An analysis of the prehistoric monkey's teeth revealed that they were encased in rocks that dated back to 21 million years ago. This suggests that the animal was somehow able to reach Panama from South America even before the two continents were connected with the formation of the Isthmus of Panama.
Monkeys are extremely resourceful and a rafting hypothesis has been floating around for quite some time, with little evidence to support it. Now we have some.

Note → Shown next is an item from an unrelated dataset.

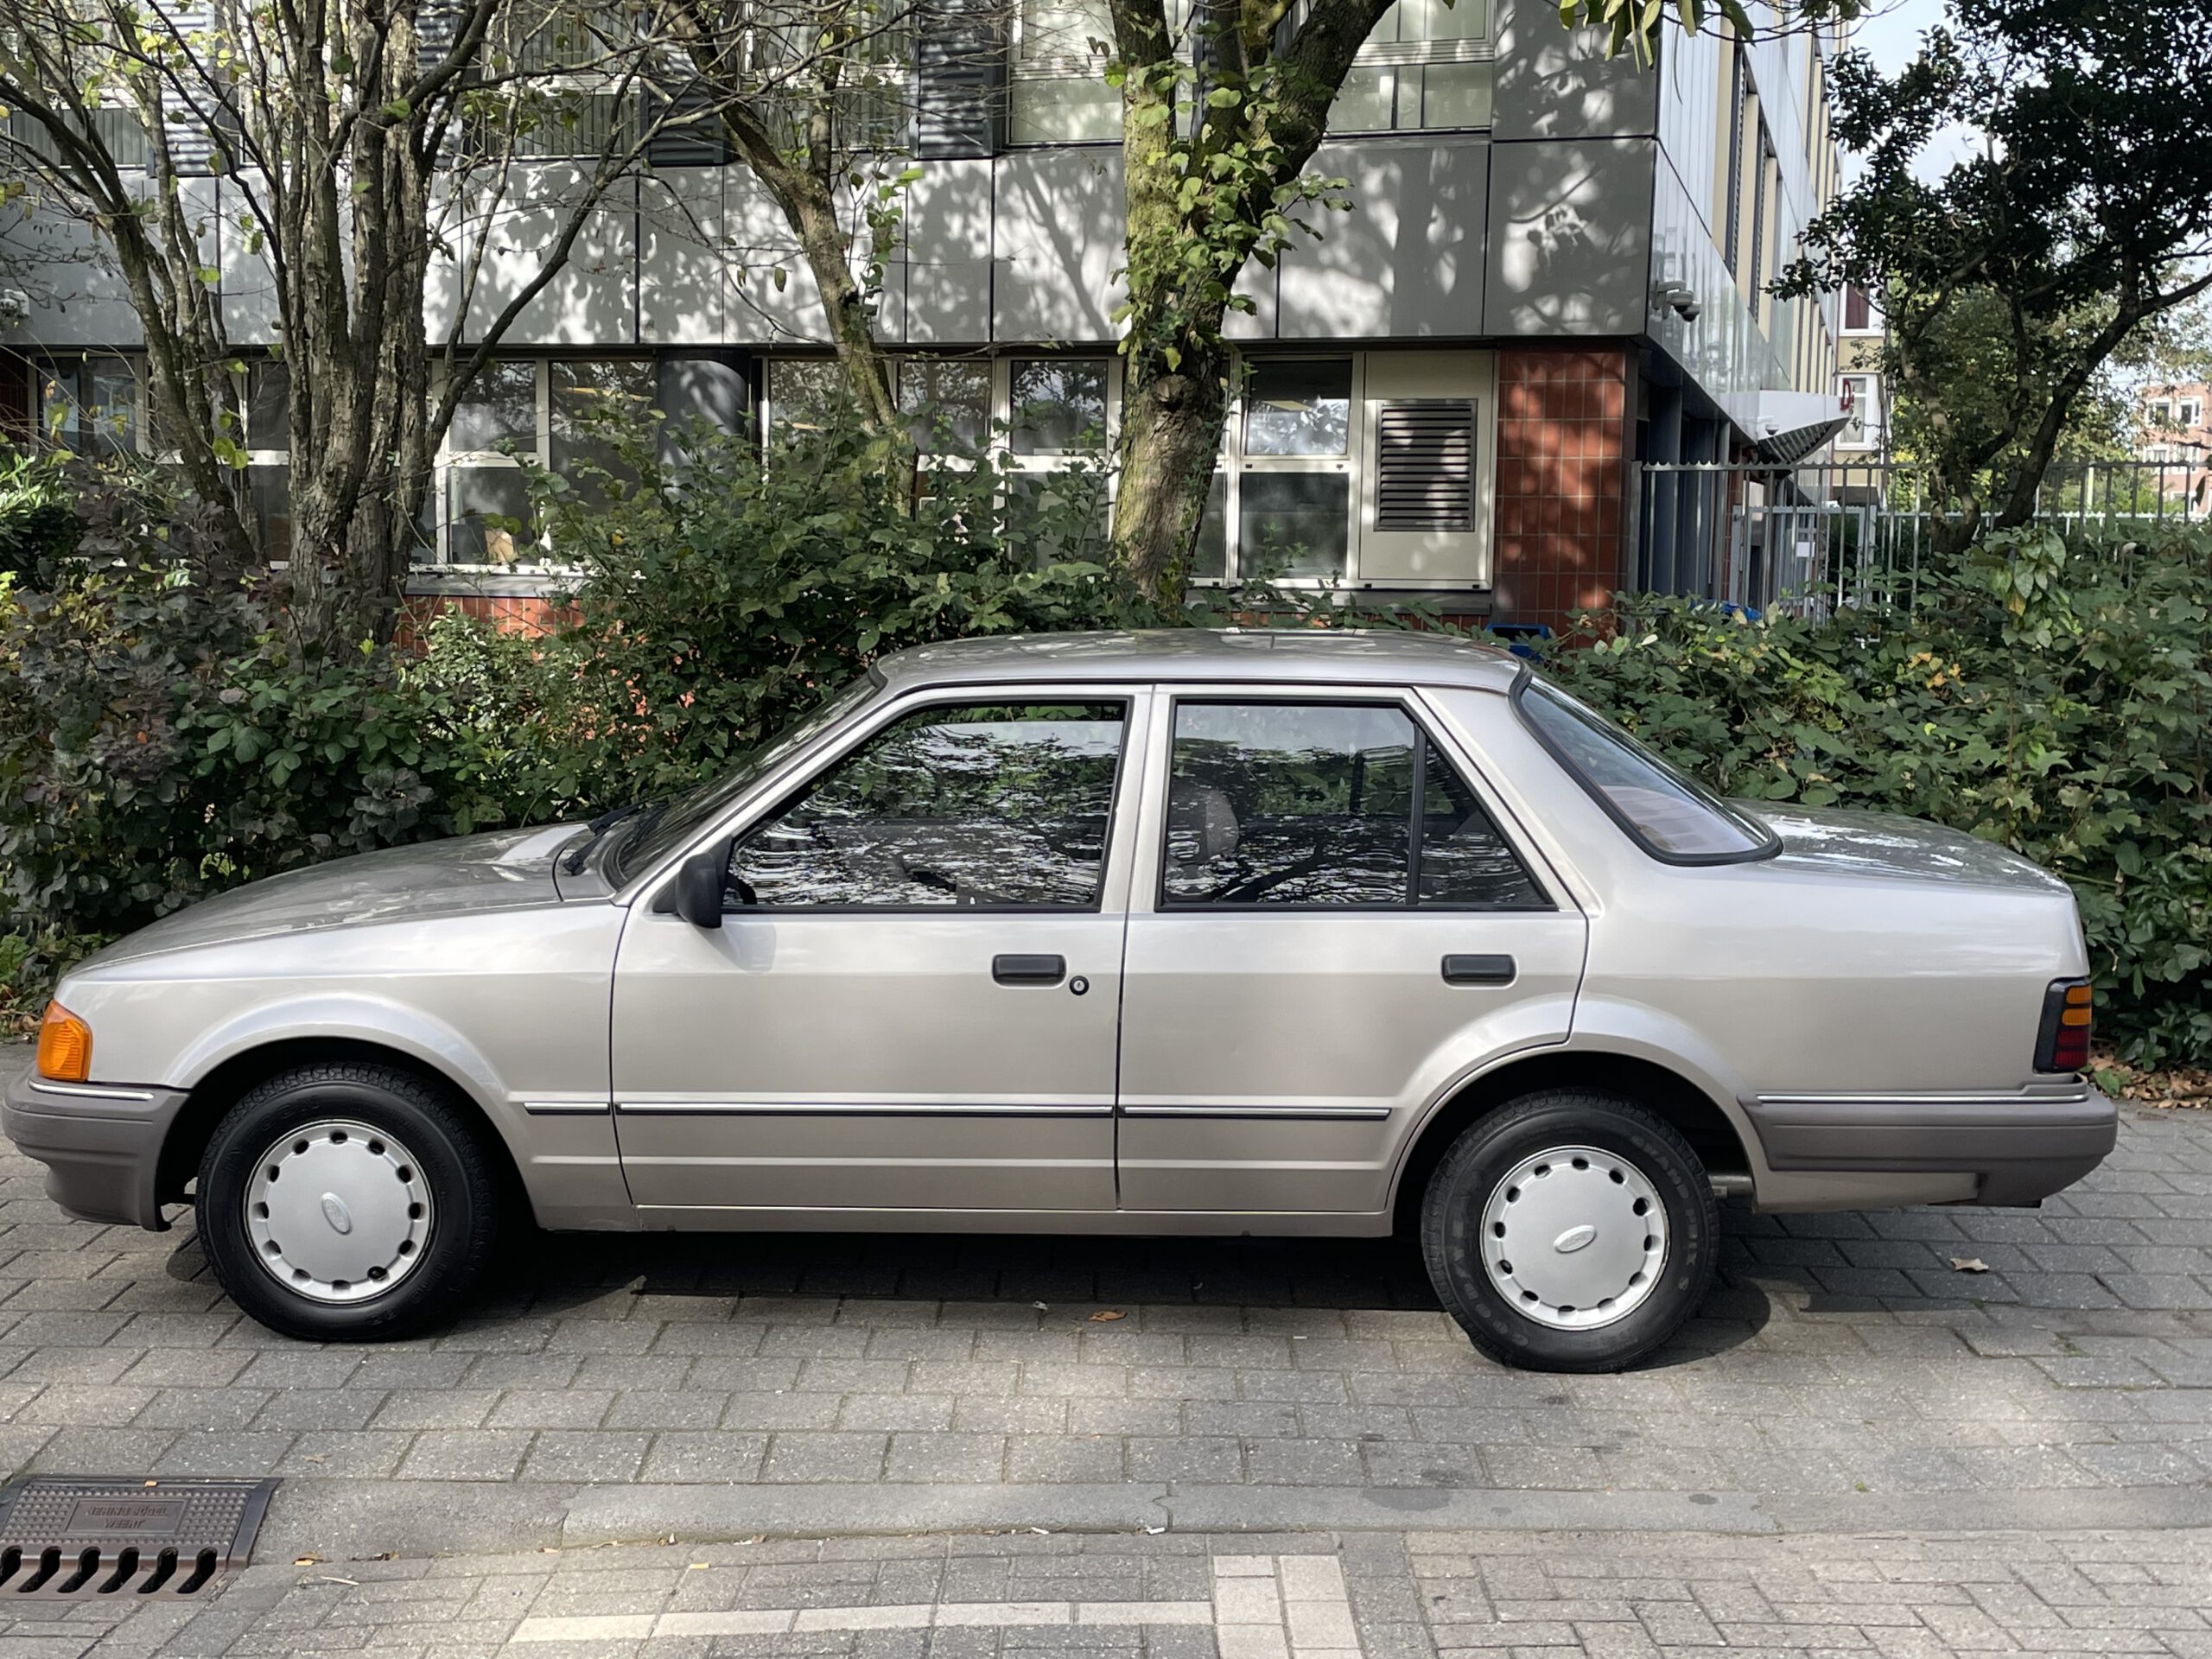 Ford Orion 1.4 CL

WARNING: I almost gave this story a miss because the ads on the Tech Times site are intrusive and omnipresent.  Several videos launched that I was not able to stop.  I get that there is a need to advertise, but this kind of thing is ruining the internet.  

Monday, April 18, 2016

No Extra Vacation For Kentucky Schoolchildren

 A bill that would have extended summer vacation for Kentucky school children has died.  NCSE writes:
Kentucky's Senate Bill 50 (PDF) died in the House Education Committee when the legislature adjourned on April 15, 2016. The bill would have extended the duration of summer vacation in the state's public schools in order to boost tourism — including to a creationist attraction.
[Damon] Thayer was referring to Ark Encounter, a Noah's-ark-themed attraction — now scheduled to open on July 7, 2016 — operated by the young-earth creationist ministry Answers in Genesis, which also operates a "museum" in Kentucky.
Just think, four extra days a year to go to the hall of misinformation. They would have to spend the next school year unlearning everything they found in the Creation Museum and the Ark Encounter. Fortunately, saner heads prevailed, although I am quite convinced that it was the practicality of implementing the law that swayed them rather than any understanding that the Creation Museum and Ark Encounter do not actually teach any real science.

Saturday, April 16, 2016

Creationism in Poland?

NCSE is reporting that a creationist book has been distributed to Polish schools, even though they did not ask for them.  They write:
A controversy is smoldering over the distribution of a creationist book to schools in Poland. According to Gazeta Wyborcza (March 2, 2016), unsolicited copies of Maciej Giertych's Ewolucja, Dewolucja, Nauka (Evolution, Devolution, Science) were sent to the biology teachers in public and private secondary schools across the country in early 2016.
A dendrologist and socially conservative politician, Giertych is also a persistent critic of evolution. For example, in 2006, as Ulrich Kutschera reported in Reports of the NCSE, Giertych moderated a seminar at the European Parliament (in which he was then representing Poland) in which evolution was criticized by a number of creationists.
A critic of Giertych's remarked that the book uses very little in the way of hard evidence and is biased in presentation.  Creationism keep rising in unexpected places. 

Friday, April 01, 2016

Ken Ham Endorses Evolution

In a surprise announcement, Answers in Genesis leader Ken Ham has taken an about-face and now agrees that the theory of evolution is, in fact, the best way to explain biological diversity.  In a statement for Kentucky.com, Ham said:
“I was challenged to go to the BioLogos site by a reader and, after reading a number of articles on evolution, I realized that my understanding of it has been seriously hampered by my rigid, narrow mindset. It was really an eye-opener.”
Ham further said that he will take down all of the anti-evolution articles that are currently circulating on the site and replace them with more important articles about how to build up one's faith and reaching out to people in a secular world.